Pull Request resolved: https://github.com/pytorch/pytorch/pull/91642
Approved by: https://github.com/razarmehr, https://github.com/malfet
diff --git a/test/test_mps.py b/test/test_mps.py
index c070c75..b226b9a 100644
--- a/test/test_mps.py
+++ b/test/test_mps.py
@@ -441,6 +441,56 @@
         D = torch.mm(B, C).cpu()
         torch.testing.assert_close(D, torch.full((5, 5), 6.0))
 
+    def test_linalg_cross(self):
+        def helper(dtype):
+            device = "mps"
+            if dtype is torch.int32 or dtype is torch.int64:
+                x = torch.randint(0, 99999, (100, 3, 100), dtype=dtype, device=device)

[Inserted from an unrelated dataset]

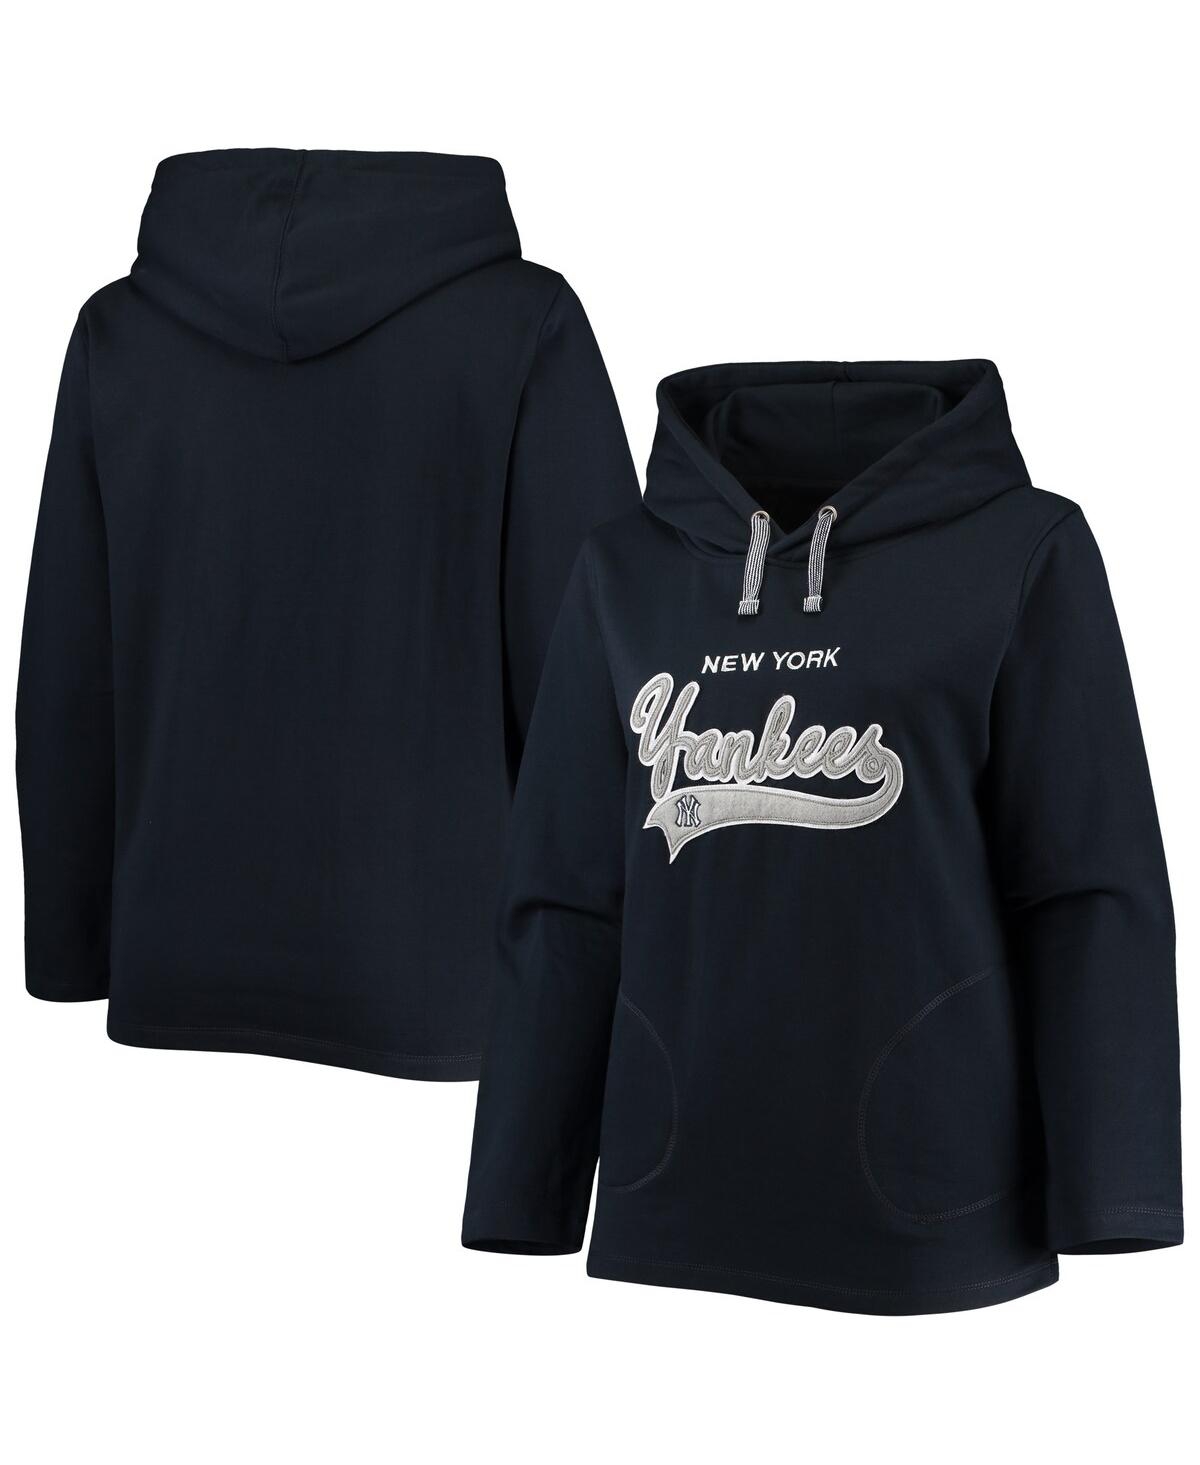 Women's Soft as a Grape Navy New York Yankees Plus Size Side Split Pullover Hoodie - Navy

+                y = torch.randint(0, 99999, (100, 3, 100), dtype=dtype, device=device)
+            else:
+                x = torch.rand(100, 3, 100, dtype=dtype, device=device)
+                y = torch.rand(100, 3, 100, dtype=dtype, device=device)

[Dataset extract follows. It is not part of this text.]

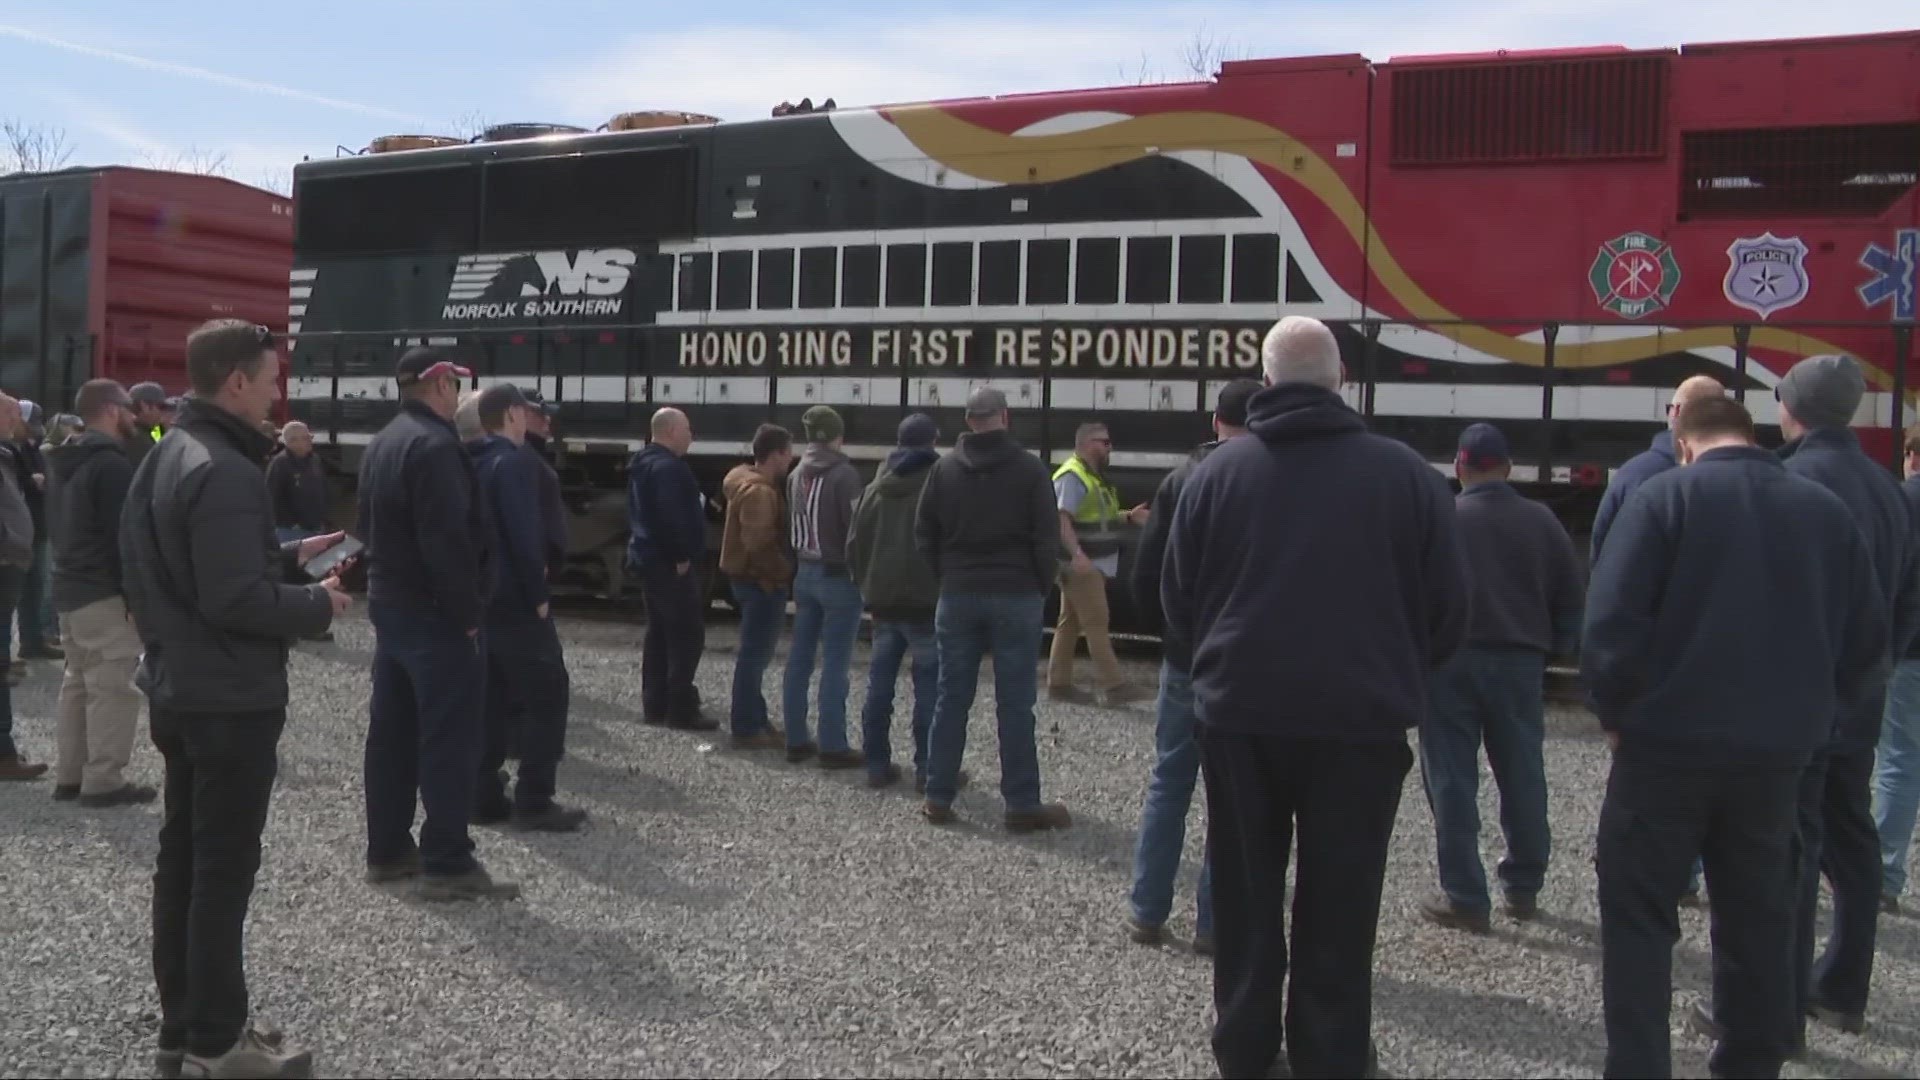 The training program will educate more than 350 first responders over the next two weeks.

+            x_cpu = x.to("cpu")
+            y_cpu = y.to("cpu")
+            res1 = torch.linalg.cross(x, y, dim=1)
+            res2 = torch.tensor((), dtype=dtype, device=device)
+            res1_cpu = torch.linalg.cross(x_cpu, y_cpu, dim=1)
+            res2_cpu = torch.tensor((), dtype=dtype, device="cpu")
+            torch.linalg.cross(x, y, dim=1, out=res2)
+            torch.linalg.cross(x_cpu, y_cpu, dim=1, out=res2_cpu)
+            self.assertEqual(res1, res2)
+            self.assertEqual(res1, res1_cpu)
+            self.assertEqual(res2, res2_cpu)
+
+            # test for broadcastable inputs
+            if dtype is torch.int32 or dtype is torch.int64:
+                x = torch.randint(0, 99999, (1, 3, 2), dtype=dtype, device=device)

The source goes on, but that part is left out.